Fill in the blank:
“In the next five to ten years, your ____________ will be as commonly used as your phone number.”
Here's a few suggestions off the top of my head:
- AOL screen name
- MySpace ID
- Facebook URL
- Skype ID
- LinkedIn Profile
- Twitter ID
If you answered any of the above – or any other service like them – you're wrong. The only thing that will be as ubiquitous in five to ten years as your phone number is your phone number.

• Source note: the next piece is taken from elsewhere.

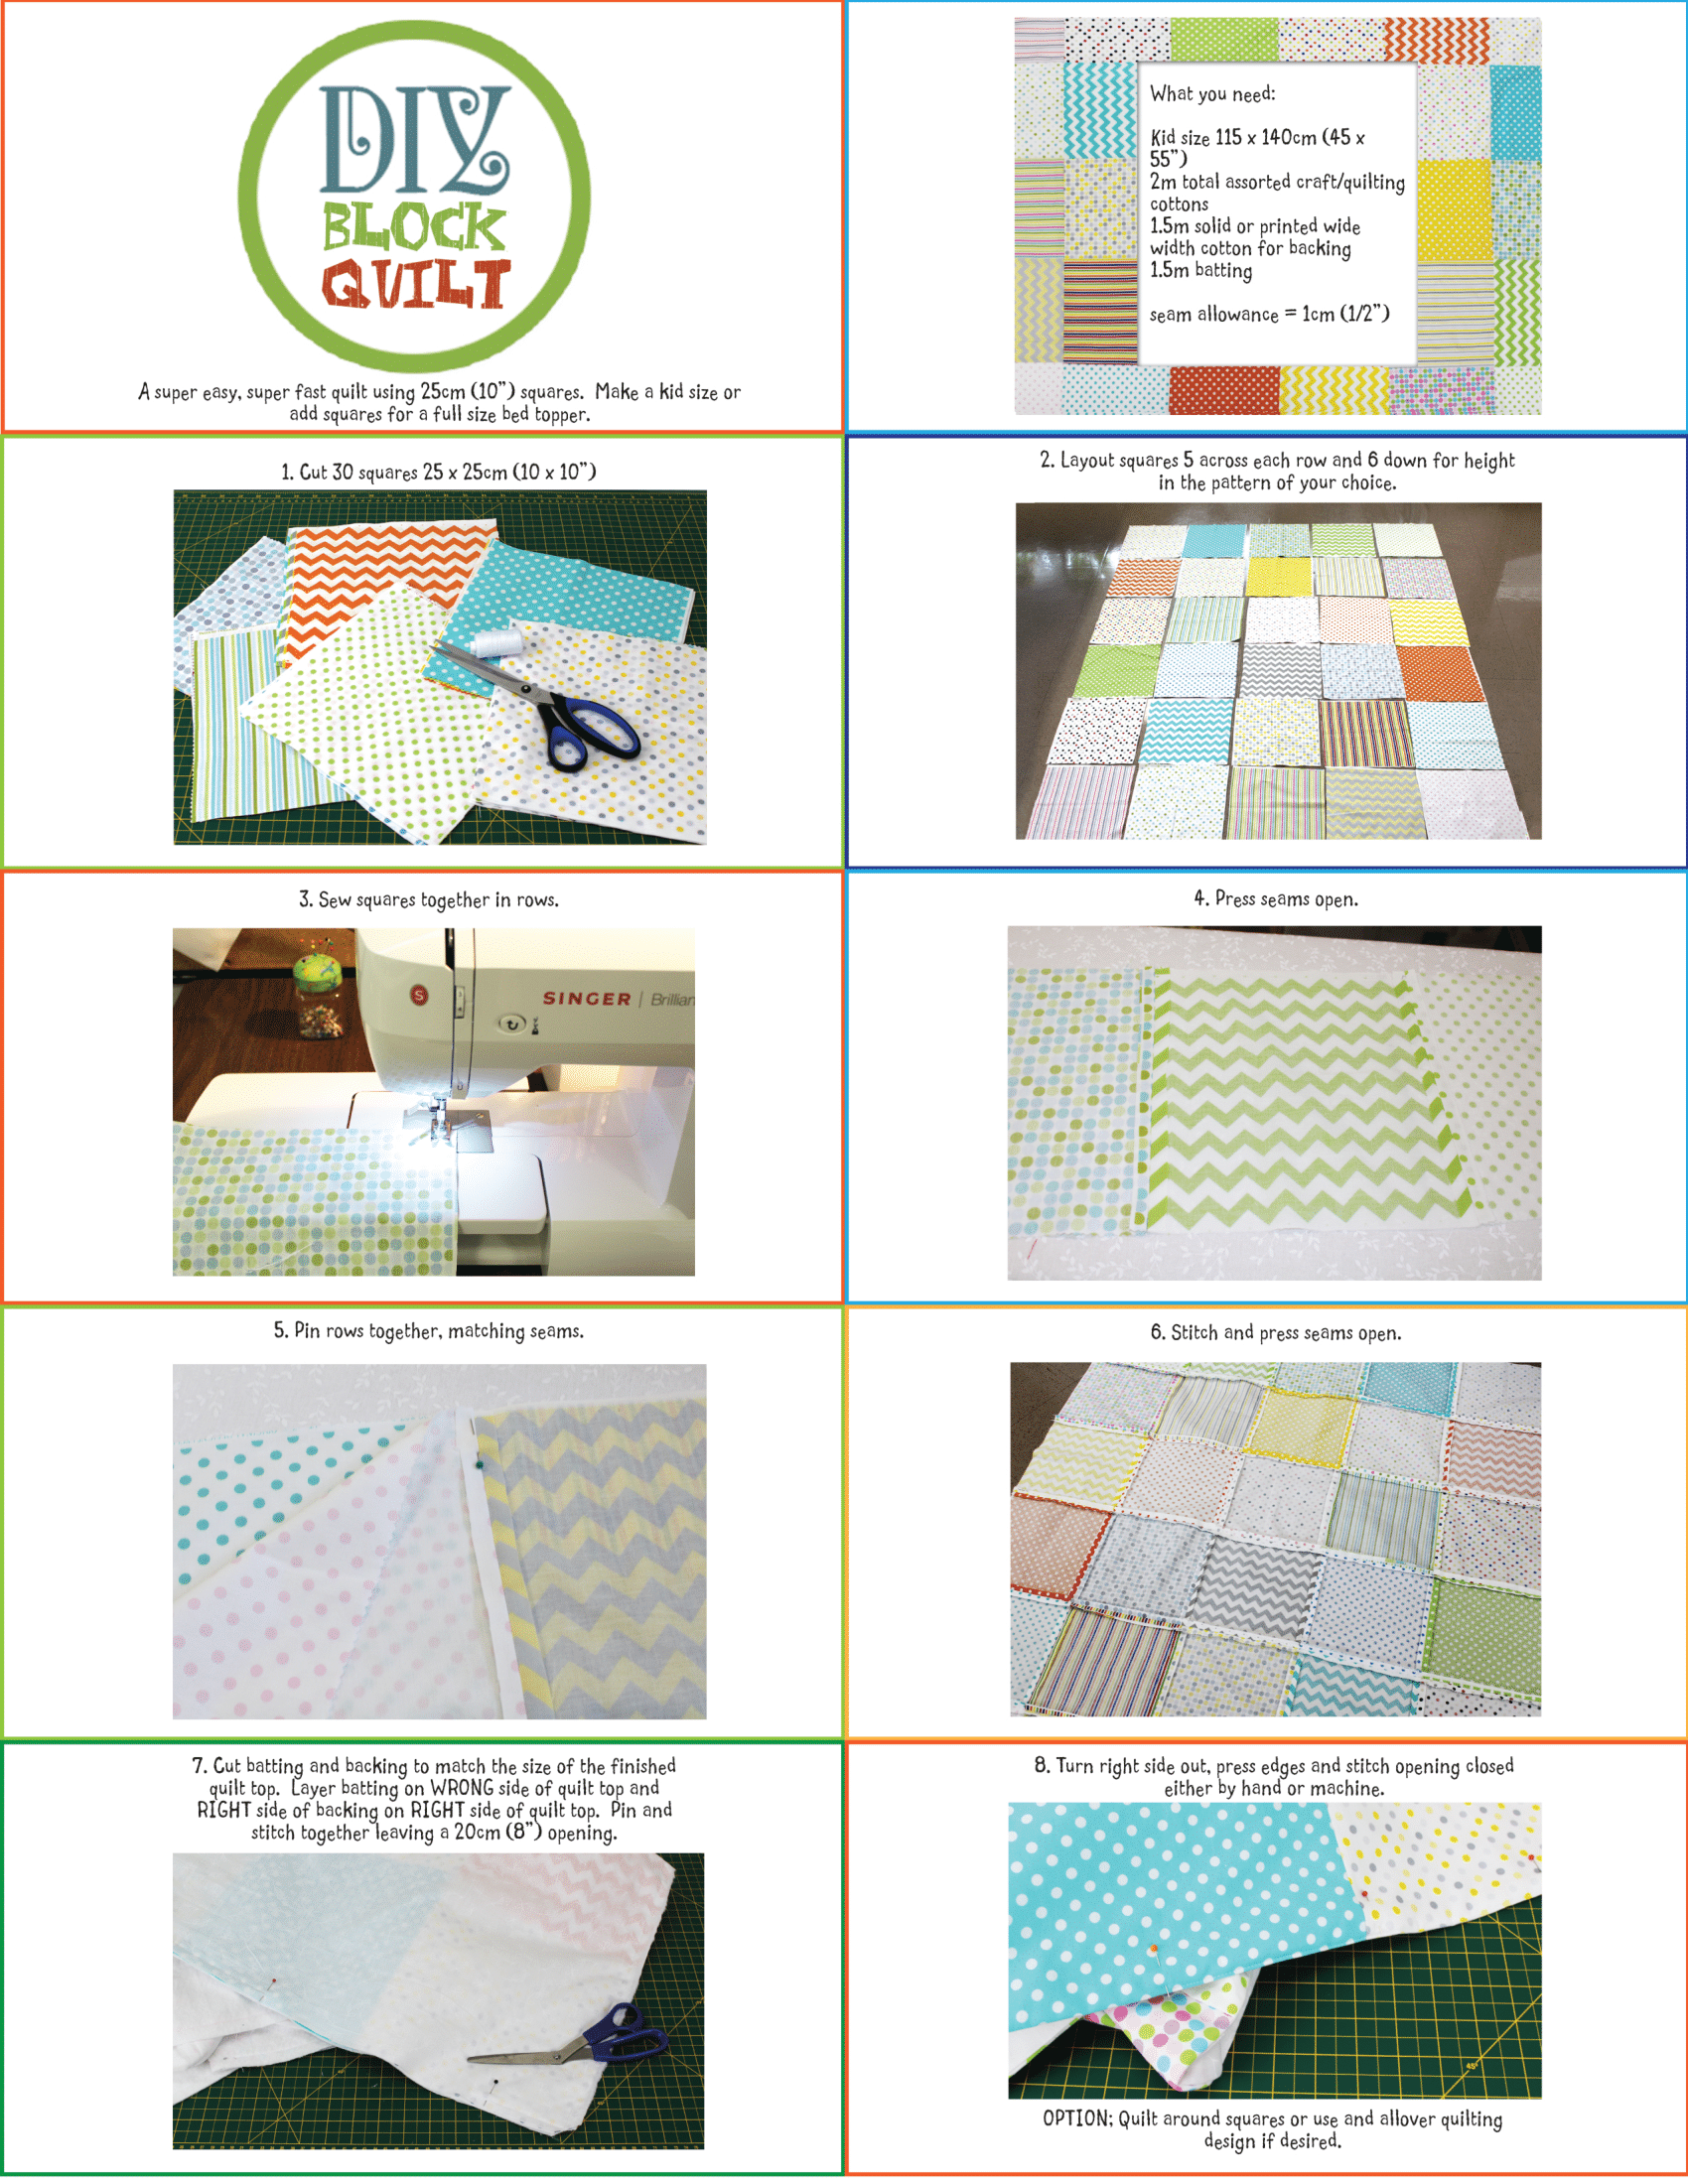 Steps to create your own block quilt.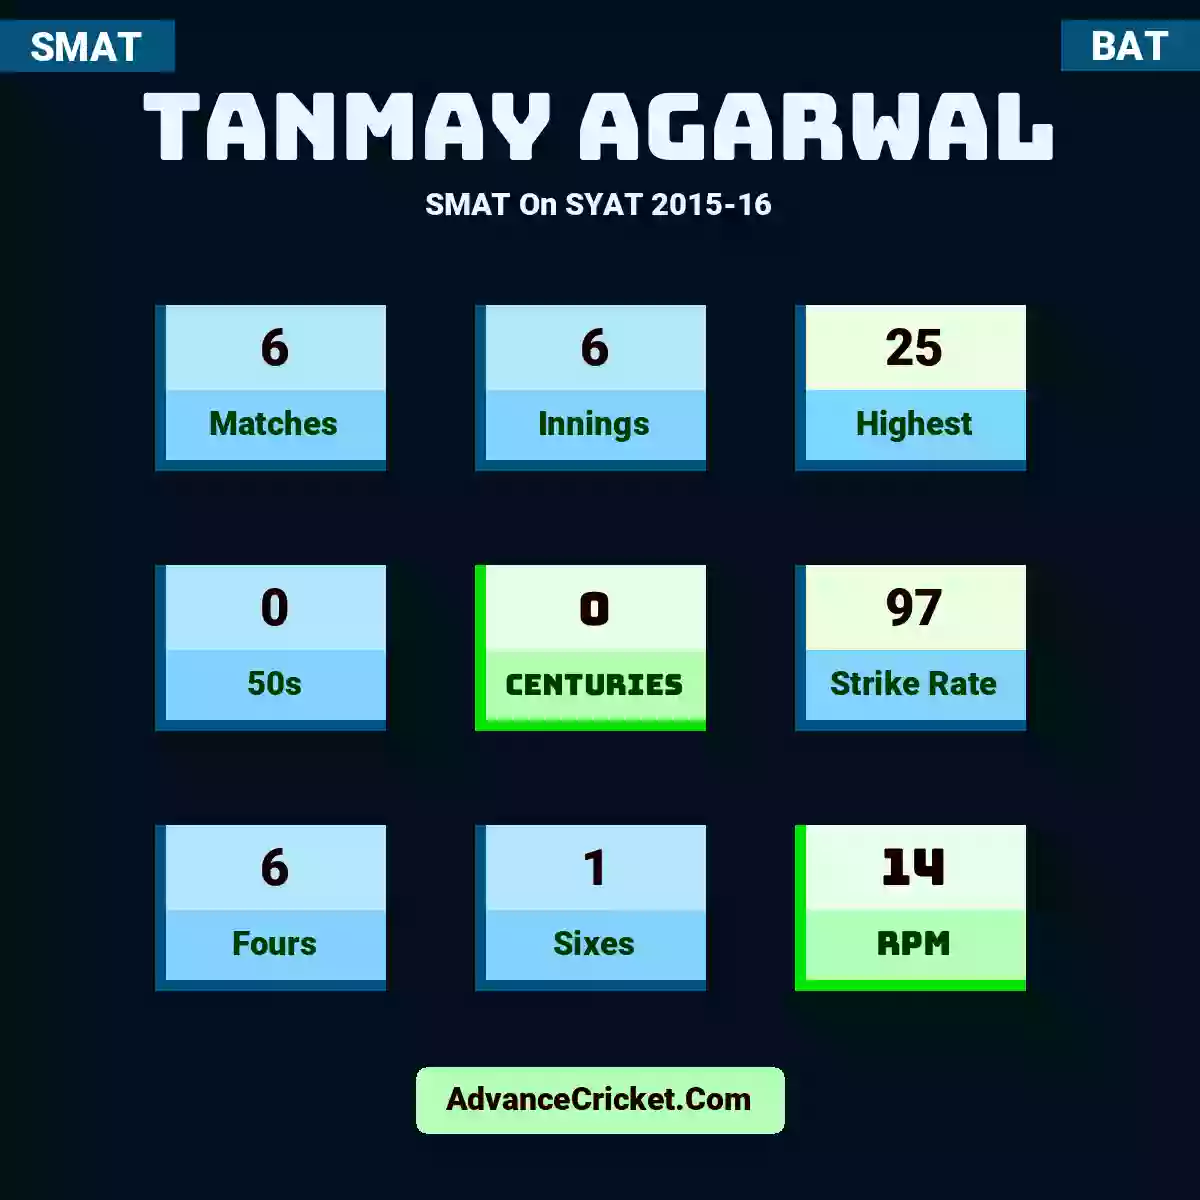 Tanmay Agarwal SMAT  On SYAT 2015-16, Tanmay Agarwal played 6 matches, scored 25 runs as highest, 0 half-centuries, and 0 centuries, with a strike rate of 97. T.Agarwal hit 6 fours and 1 sixes, with an RPM of 14.

Every time a new social service pops up and gets moderately popular, we get a prediction about how mainstream it will get and how it will revolutionize modern communication. It hasn't been true yet. As much as I love Twitter, and I do, the truth is that to the vast majority of humans, it's nothing – they've never even heard of it. To the majority of people who have heard of it, it's nothing more than a fad. To its active users, Twitter is anything from a nifty communication tool to the digital equivalent of the next coming of Christ. Considering we're nearing seven billion people on this planet, having a user base of a few million isn't very impressive in a as-common-as-a-phone-number kind of way.
The only thing that has given the telephone a run for its money in the modern age is email – a non-proprietary, open method of communication that is not under the control or regulation of any single company. It has many, many faults – not the least of which is that it's a method of written communication.
My parents still prefer to talk to my daughter over the phone.